Lyndon words and Fibonacci numbers
It is a fundamental property of non-letter Lyndon words that they can be expressed as a concatenation of two shorter Lyndon words. This leads to a naive lower bound log_{2}(n)} + 1 for the number of distinct Lyndon factors that a Lyndon word of length n must have, but this bound is not optimal. In this paper we show that a much more accurate lower bound is log_{phi}(n) + 1, where phi denotes the golden ratio (1 + sqrt{5})/2. We show that this bound is optimal in that it is attained by the Fibonacci Lyndon words. We then introduce a mapping L_x that counts the number of Lyndon factors of length at most n in an infinite word x. We show that a recurrent infinite word x is aperiodic if and only if L_x >= L_f, where f is the Fibonacci infinite word, with equality if and only if f is in the shift orbit closure of f.
💡 Research Summary
The paper investigates the relationship between Lyndon words—a class of primitive, lexicographically minimal strings—and the Fibonacci sequence. It begins by recalling the well‑known property that any non‑trivial Lyndon word can be written as the concatenation of two shorter Lyndon words. From this property one obtains a naïve lower bound for the number of distinct Lyndon factors in a Lyndon word of length n: ⌊log₂ n⌋ + 1. The authors observe that this bound is far from optimal and propose a much tighter bound based on the golden ratio φ = (1 + √5)/2.
The central construction is the family of “Fibonacci Lyndon words.” For each k, a word Lₖ of length Fₖ (the k‑th Fibonacci number) is defined recursively as Lₖ = Lₖ₋₁ Lₖ₋₂, where both Lₖ₋₁ and Lₖ₋₂ are themselves Lyndon words. Because the Fibonacci numbers grow like φᵏ, the recursive decomposition of Lₖ requires exactly ⌊log_φ Fₖ⌋ + 1 steps, showing that any Lyndon word of length n must contain at least ⌊log_φ n⌋ + 1 distinct Lyndon factors. Moreover, the Fibonacci Lyndon words achieve this bound, establishing its optimality.

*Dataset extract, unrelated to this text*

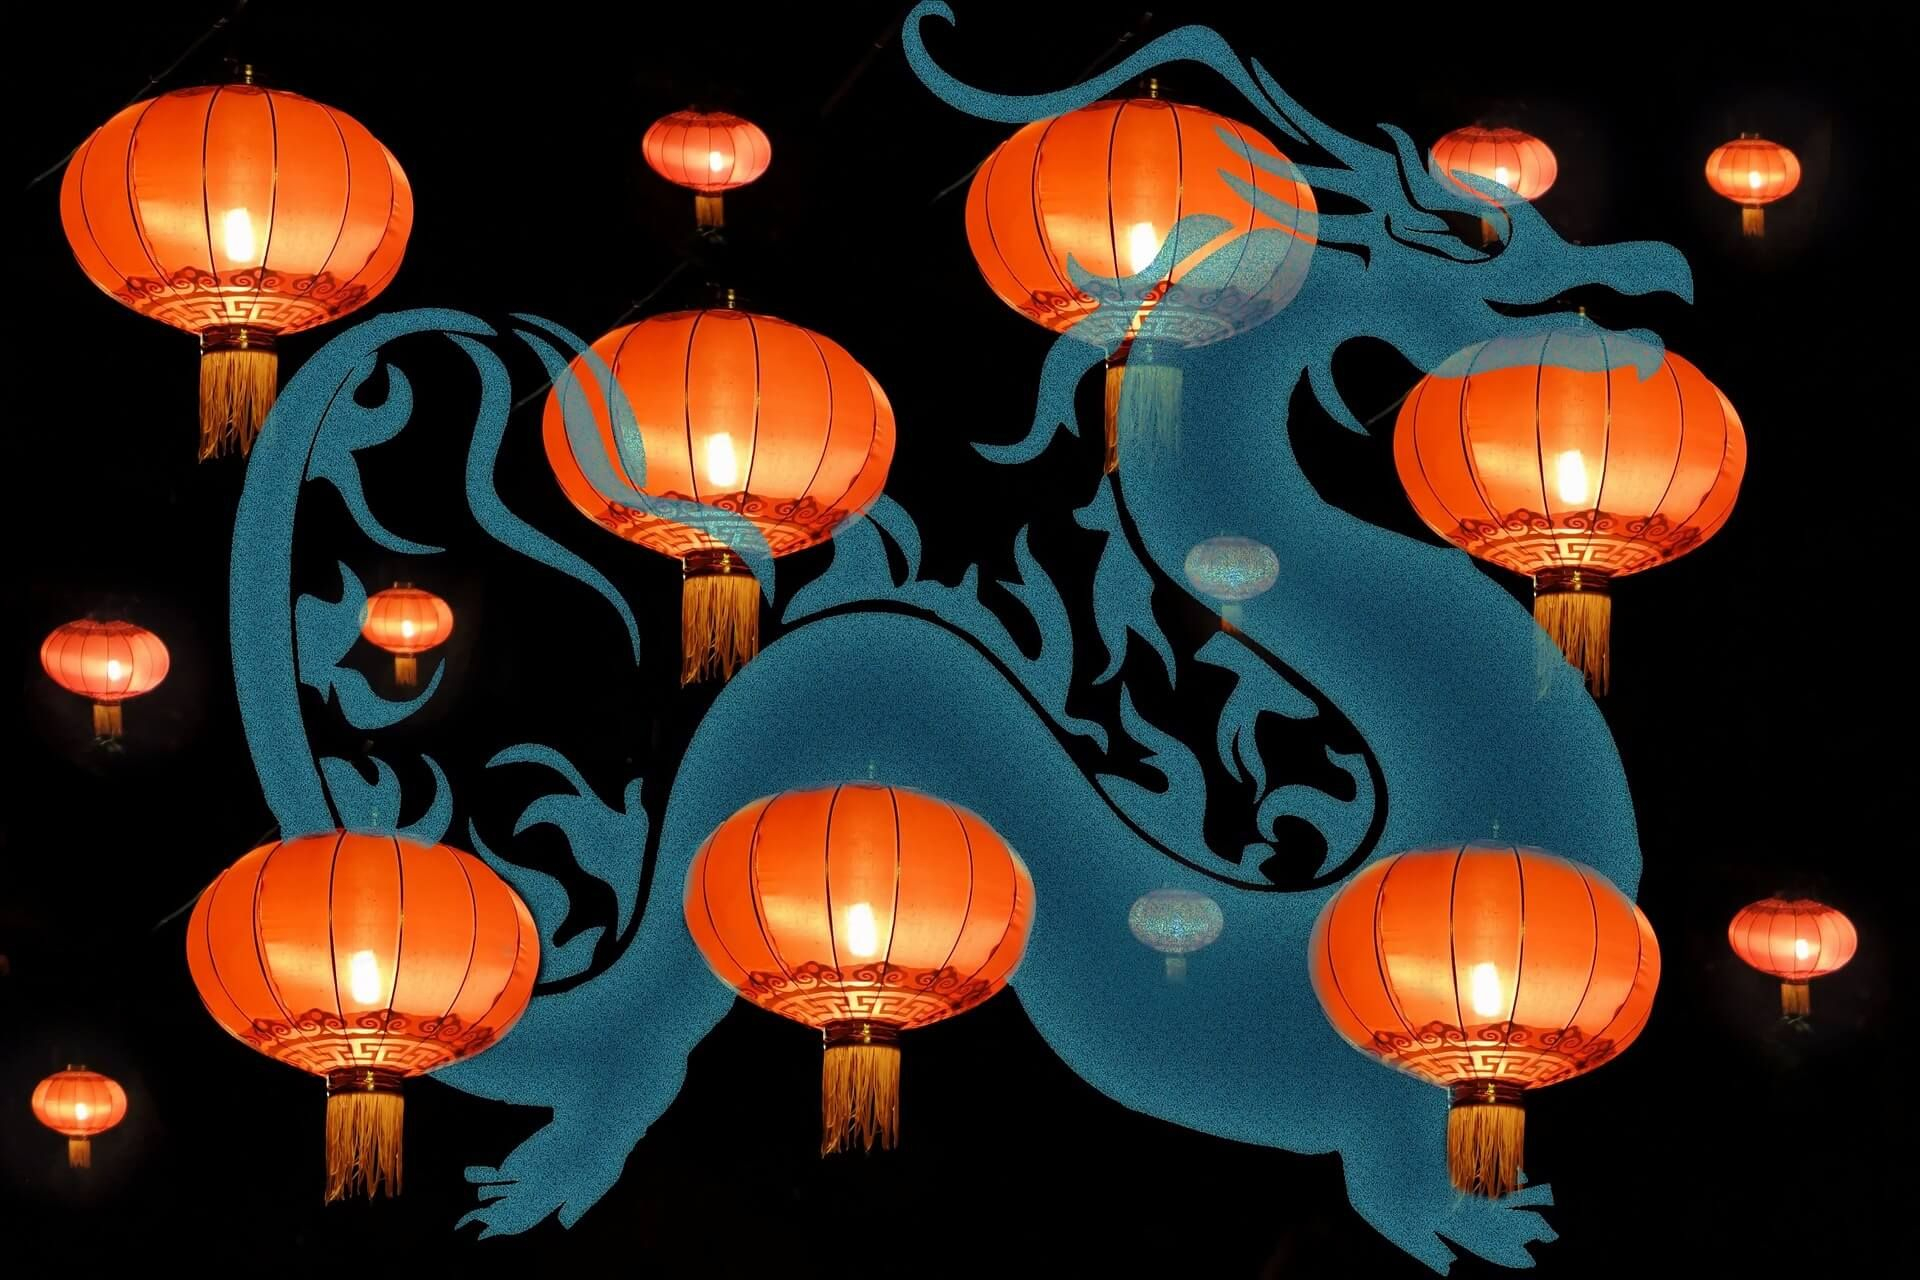 Chinese New Year Animals - The Zodiac Animals 2020

After establishing the finite‑word result, the authors turn to infinite words. They introduce the counting function Lₓ(n), which for an infinite word x returns the number of distinct Lyndon factors of length at most n. This function serves as a quantitative measure of combinatorial complexity and, crucially, of aperiodicity. The paper proves two complementary statements: (1) If x is a recurrent infinite word that is aperiodic, then Lₓ(n) ≥ L_f(n) for all n, where f denotes the classic Fibonacci infinite word (the limit of the finite Fibonacci Lyndon words). (2) Equality Lₓ = L_f holds if and only if x lies in the shift‑orbit closure of f; that is, x shares exactly the same set of Lyndon factors as f up to shift. Consequently, the Fibonacci infinite word is identified as the “minimal‑complexity” aperiodic recurrent word with respect to Lyndon factor counts.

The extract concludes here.